HVAC (Heating, Ventilation, Air Conditioning)

Thursday, May 25, 2006

Making HVAC Drawings
(Alternative titles: How to make a HVAC drawing// How to make a mechanical drawing// How Consulting Engineers make their drawings)
I want to write down the process of developing HVAC drawings. HVAC drawings (as well as Electrical, Plumbing, Fire Sprinkler, and Life Safety system drawings) are made according to the constraints defined by architectural drawings. In essence you need architectural drawings to see the layout of the building and the clearances you have to work within. The architectural floor plan becomes the background drawing for HVAC (and other fields). The first thing you need to do is to prepare the architectural plan to be used as your background drawing. To do this you need to clean up the drawing (by turning off layers that have things of mainly architectural interest) and then ‘dimming out’ the drawing. You want to dim out walls, doors, etc in the architectural floor plan so that when you put your mechanical (HVAC) stuff on top of it, your stuff would stand out. As a general rule, entities belonging to a particular field must stand out in comparison to others, in the drawings of that field. [So, in Plumbing drawings, plumbing items must stand out in comparison with elements of architectural, mechanical, and other systems.]

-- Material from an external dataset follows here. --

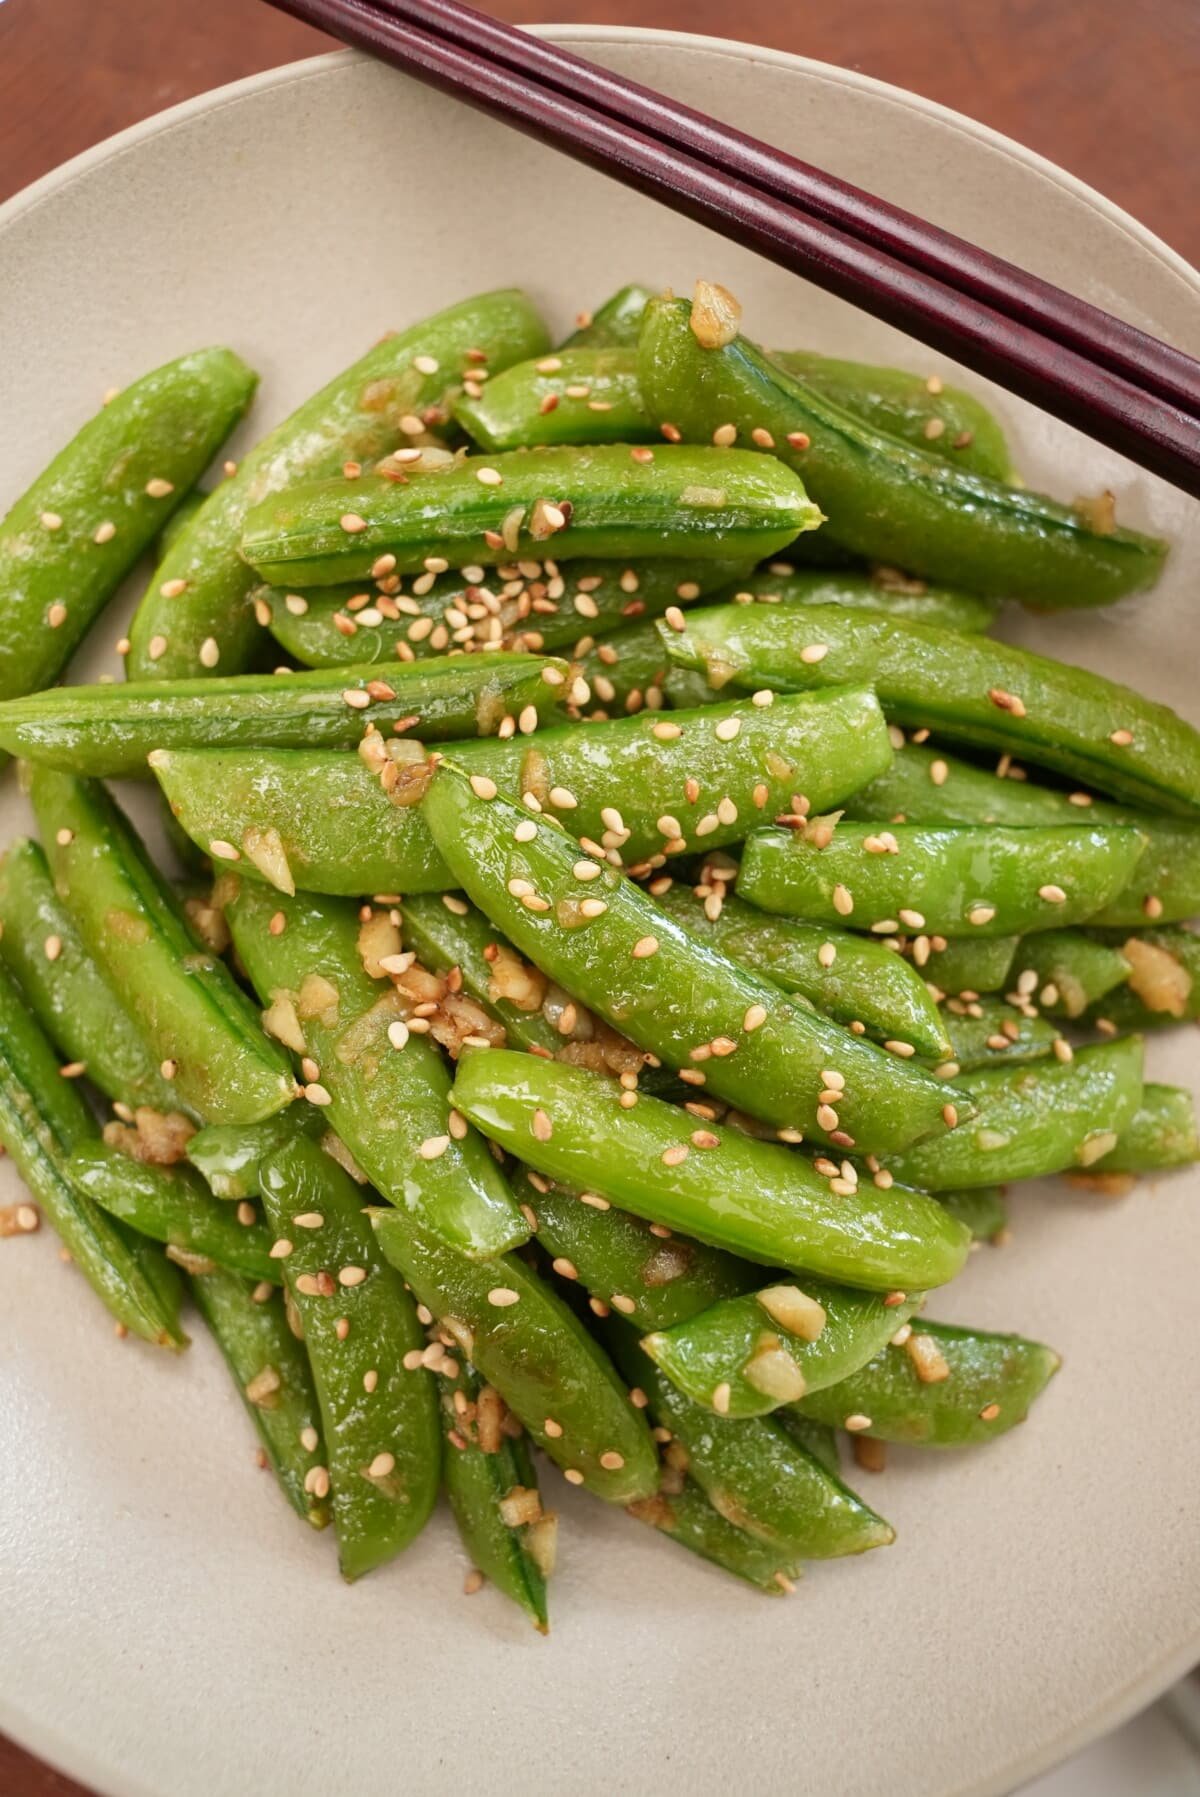 Sesame garlic snap peas in a bowl with chopsticks.

This is how I dim out an architectural drawing to give me a workable background for the HVAC drawings.

Save the Architectural floor plan drawing under a different name. In AutoCADD environment go to Layers using the Layer tool (alternatively, go to the ‘Format’ drop down menu, then click on ‘layer.’) When you see all the layers, highlight one layer; hold the CTRL key, and scroll down to highlight all other layers. Then click on one layer; and change the color to Color 9. This will change the color of all layers.

I believe it is possible to change all the layers of a drawing to any color by using LISP. This feature should come really handy if you have a number of architectural drawings to dim out. If you know how to do it using LISP, please let all of us know. We shall be thankful.